COLLECTED DATA:
__________
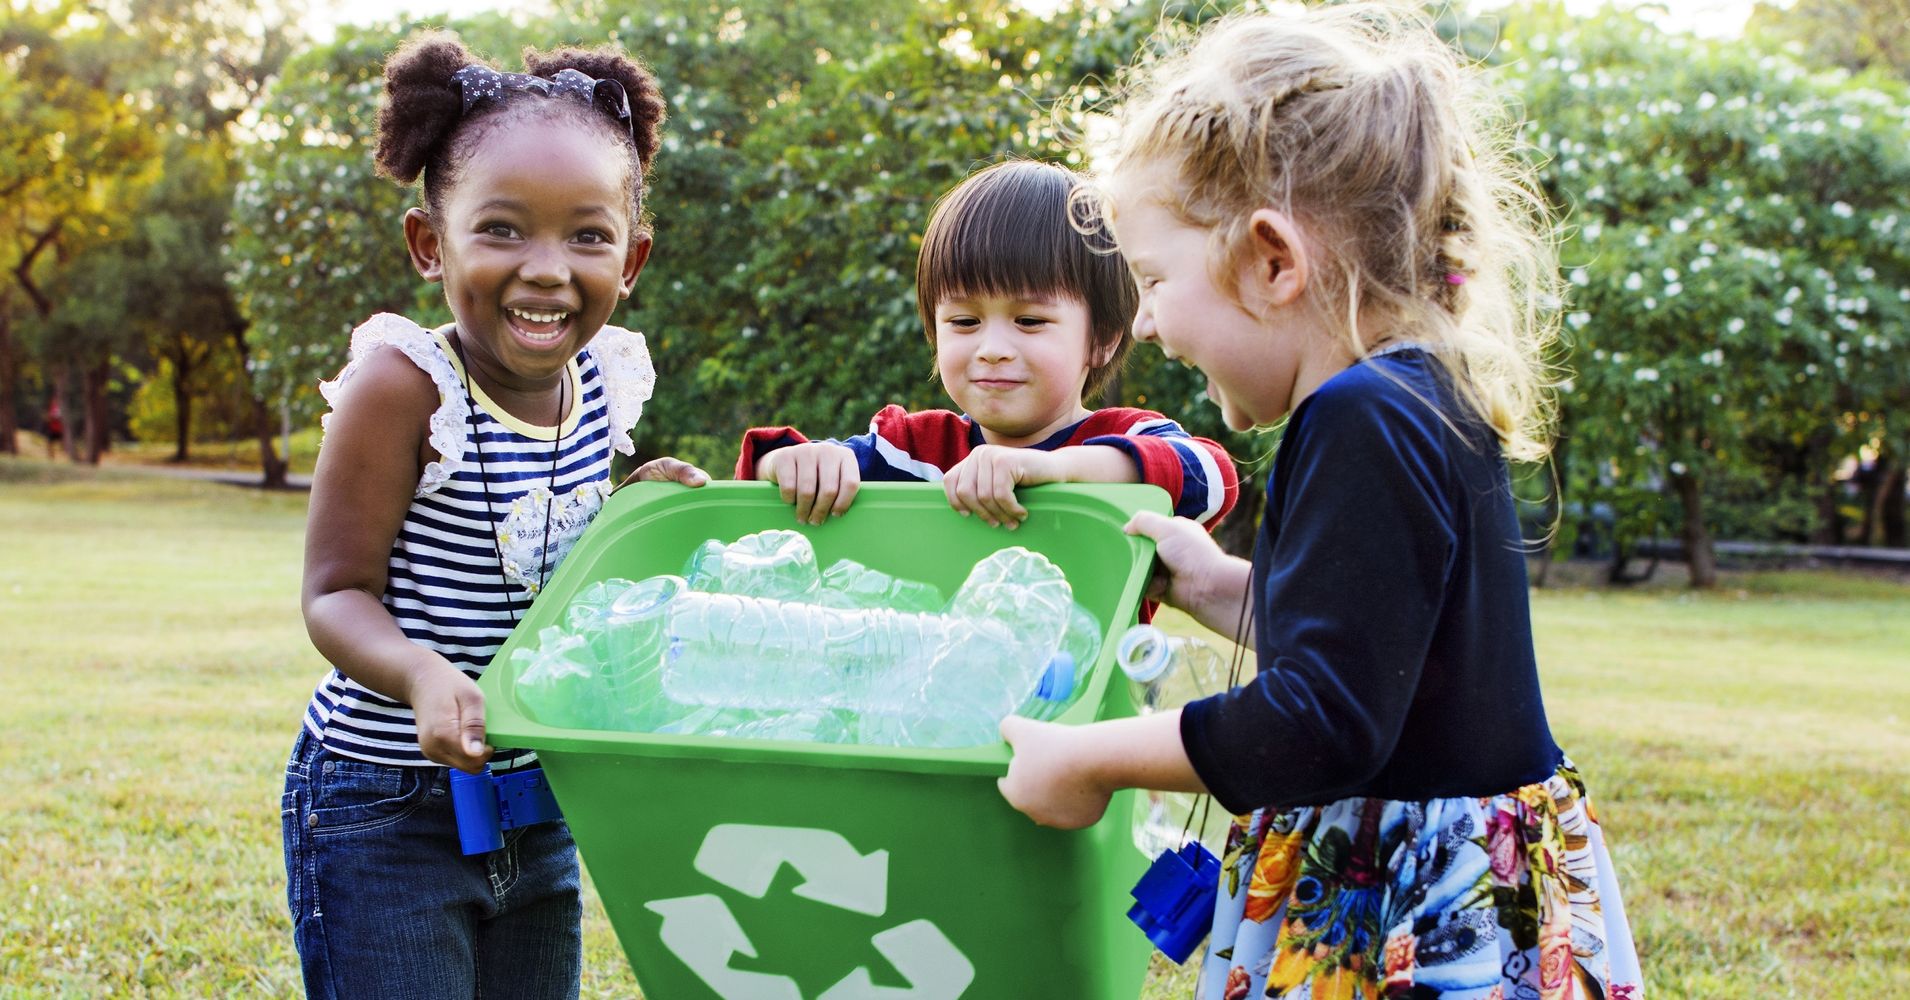 Utilizing Recycling Resources in the Home and Classroom
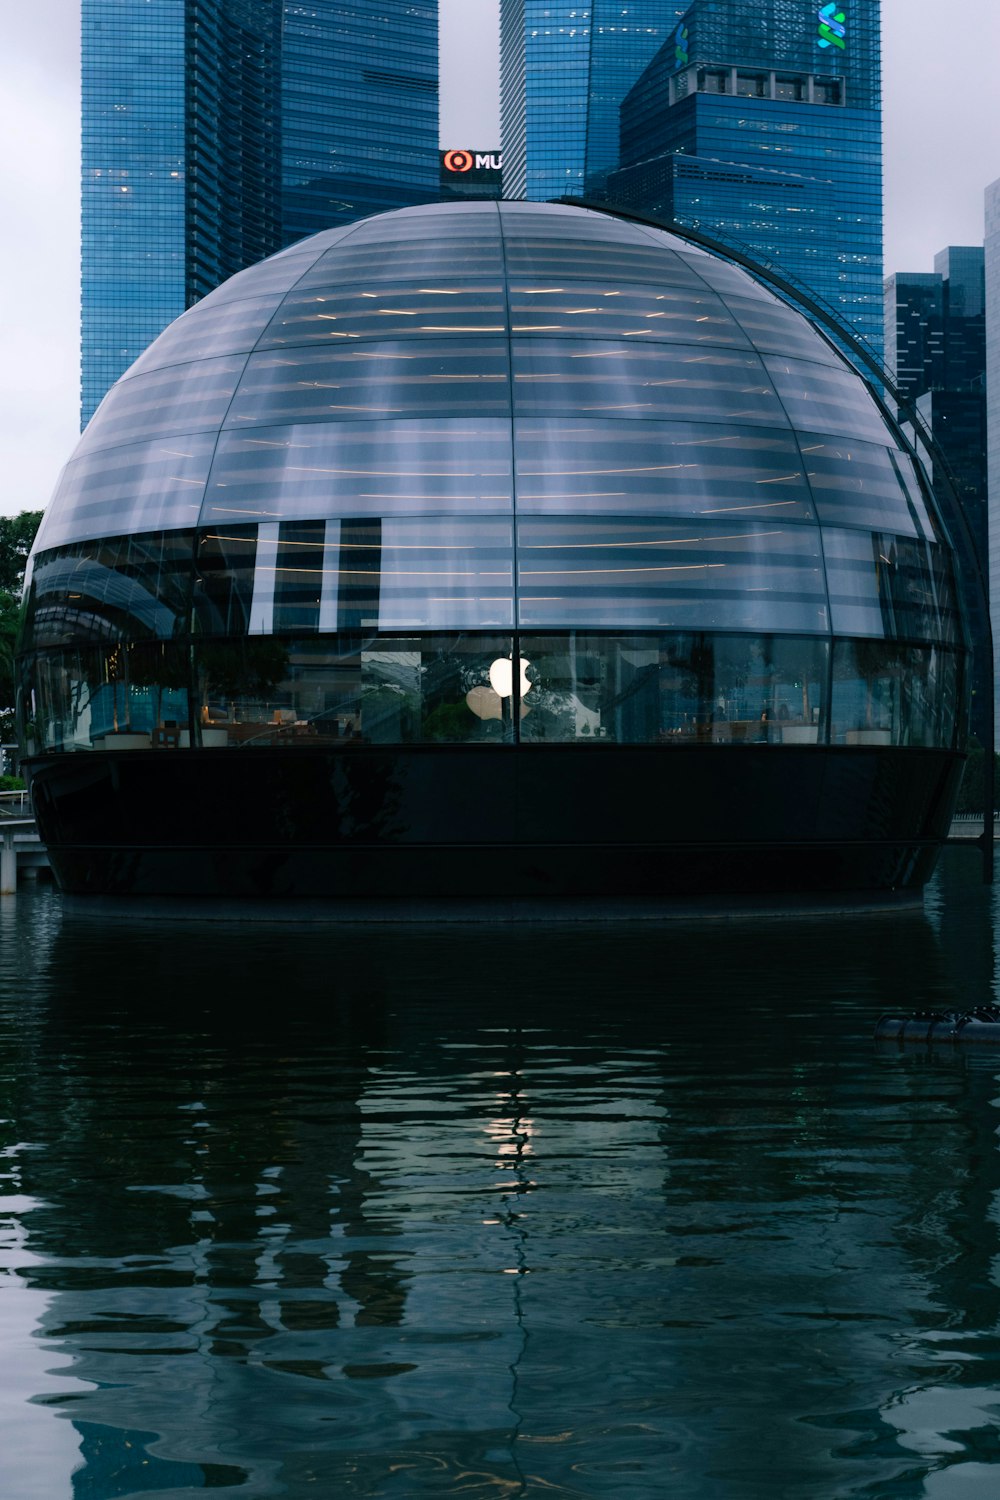 a large glass dome sitting in the middle of a body of water
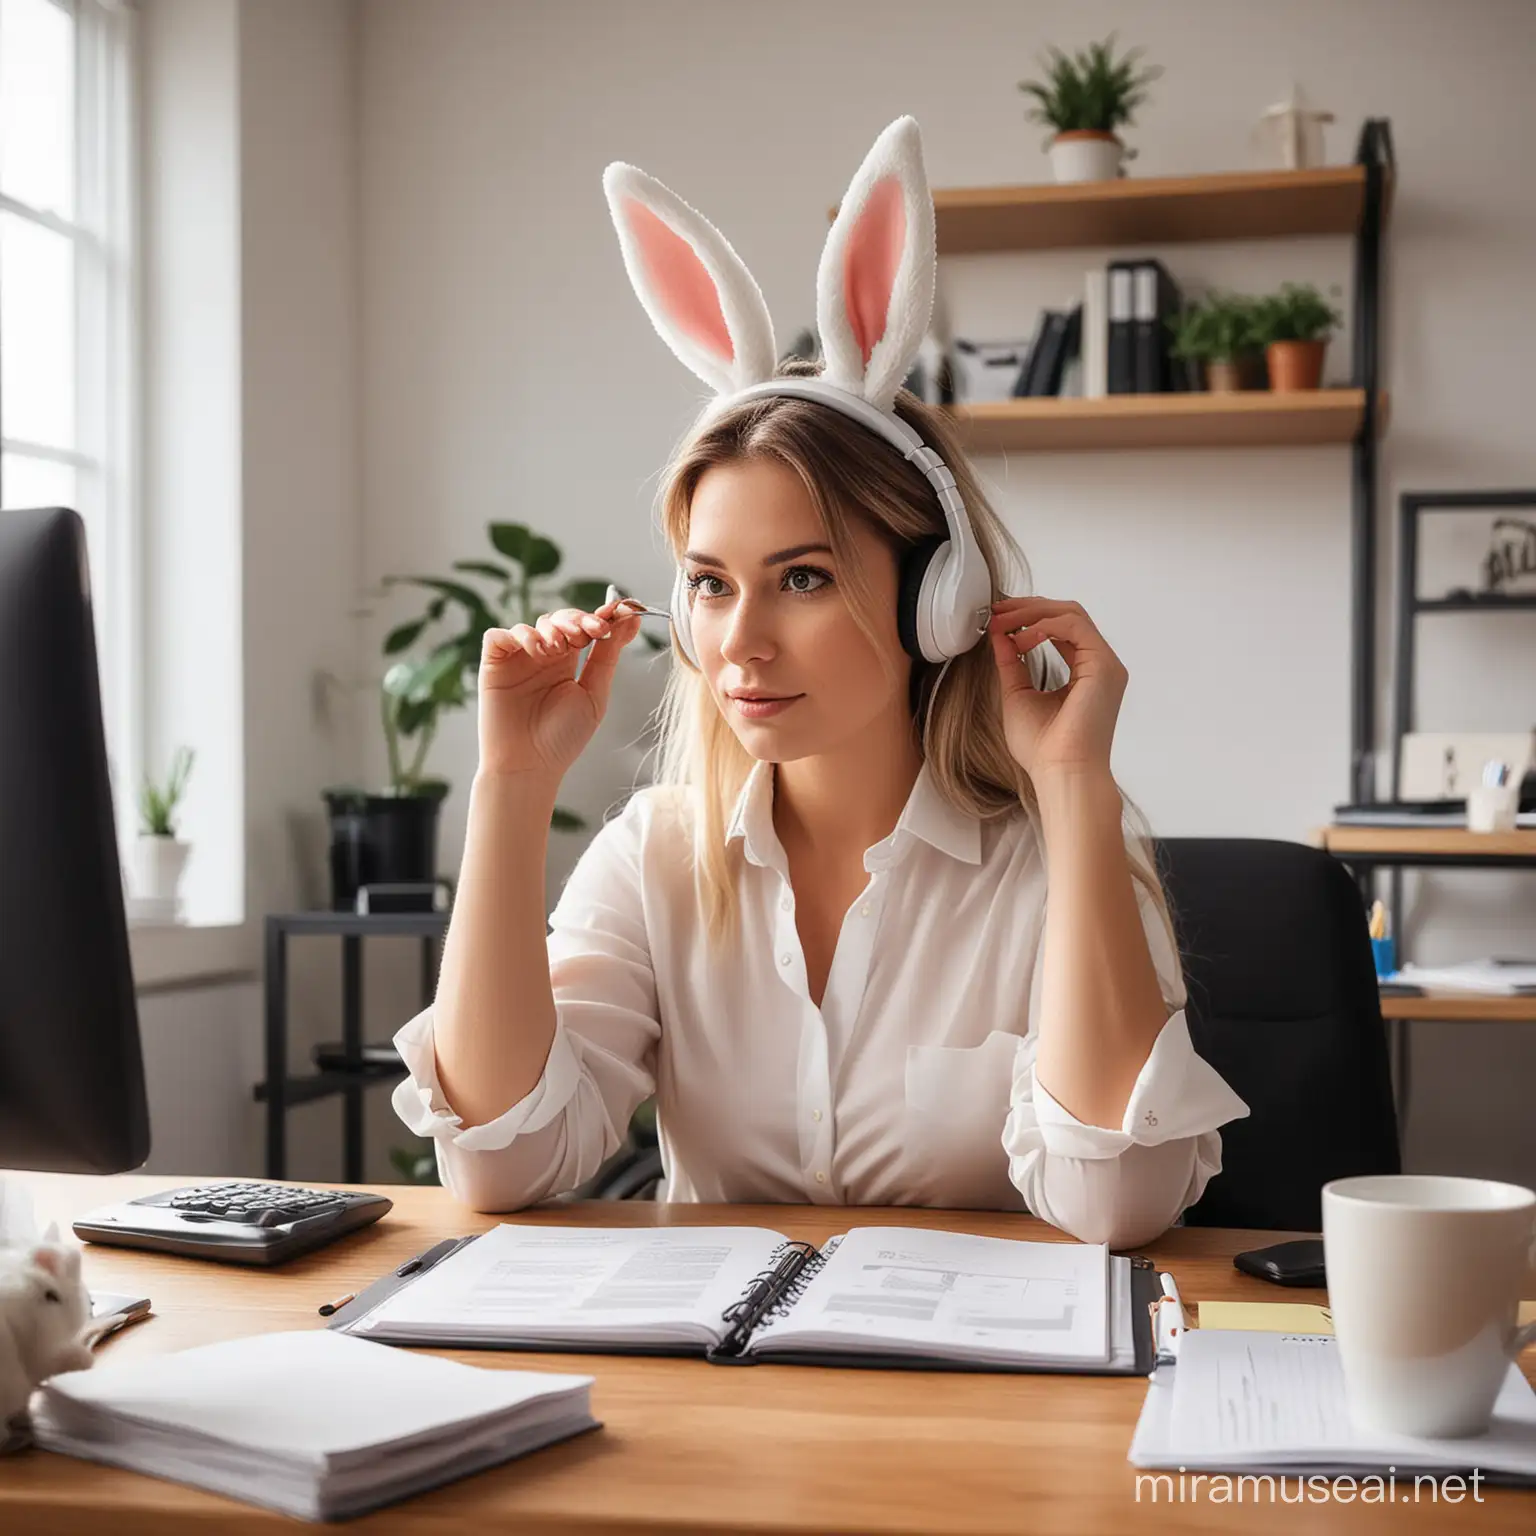 Female Entrepreneur Fully Engaged in Office Tasks with a Playful Bunny
__________
WHAT NEEDS TO BE DONE:
Output each of the lines above exactly, apart from the images.

EXERCISE SOLUTION:
 Utilizing Recycling Resources in the Home and Classroom
 a large glass dome sitting in the middle of a body of water
 Female Entrepreneur Fully Engaged in Office Tasks with a Playful Bunny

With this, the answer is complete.